La felicità di spalancare una porta chiusa: donare è un dono reciproco
Il resto è storia di oggi. Nessun rimpianto, anzi. «Ho realizzato che donare è reciproco: è un dono per chi riceve ma anche per chi accetta di donare. A noi ha aiutato tantissimo. Pensavo di dover raccogliere mia mamma con il cucchiaino, dopo la perdita di Gabriele.
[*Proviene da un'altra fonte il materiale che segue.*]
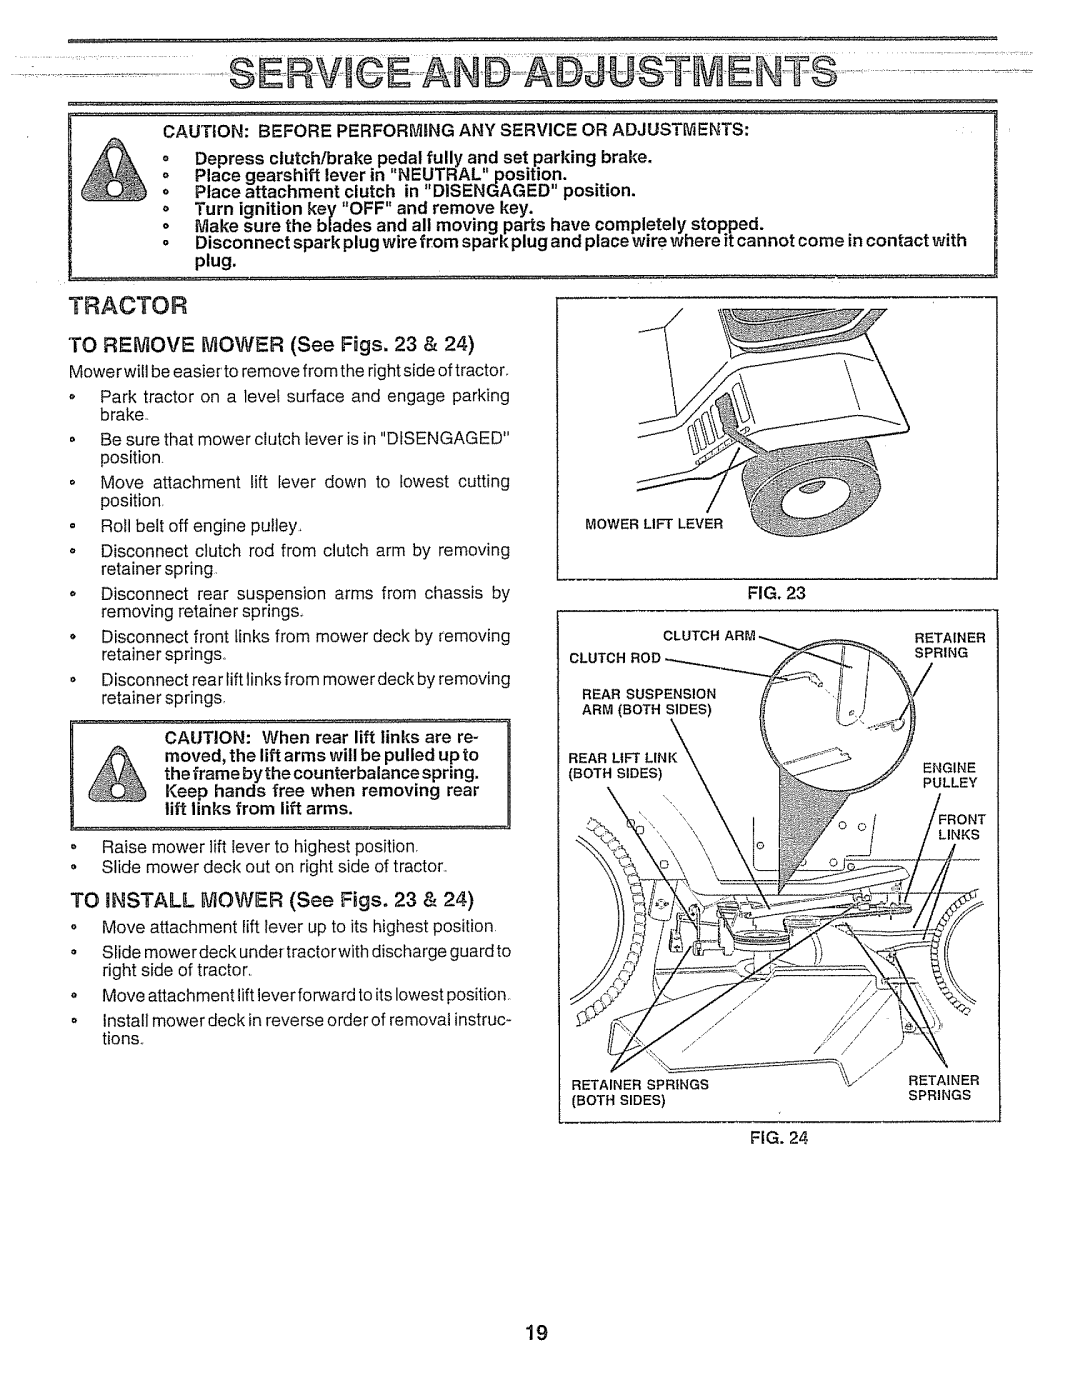 Craftsman 917.25693 owner manual Tractor, TO REMOVE MOWER See Figs. 23, TO INSTALL MOWER See Figs. 23

Chiaramente il suo dolore è immenso, ma quando pensa a quanto Gabriele ha lasciato, ne riceve una consolazione enorme. Quindi donare fa bene a chi riceve ma anche a chi dona: dà un senso di dignità a una morte assurda, valorizza un momento drammatico, ti fa elaborare un lutto con più serenità. Per contro, per chi riceve è tutto. Siamo tutti interconnessi, tutti. Il comportamento del singolo si ripercuote su una collettività e una società. La vita è imprevedibile e noi lo abbiamo capito sulla nostra pelle: il tempo di un caffè e una vita è volata via. La malattia può colpire tutti. Tutti in futuro potremmo essere dei potenziali riceventi quindi viene naturale pensare che dovremmo essere tutti anche dei potenziali donatori. Quindi perché dire di no? é un sì che fa bene a tutti. Ho dei bambini e dico: chi lo sa? Auguro loro salute per tutta la vita, ma se non dovesse essere così? Se fossi io dall’altra parte ad avere bisogno di un aiuto? In quel momento è toccato a noi e in quel momento è stato giusto dire di sì. Voglio citare una frase dello scrittore Luis Sepulveda, che mi piace tantissimo: una porta chiusa non serve a niente perché la tristezza non può uscire e la gioia non può entrare. E noi siamo felici di averla spalancata quella porta».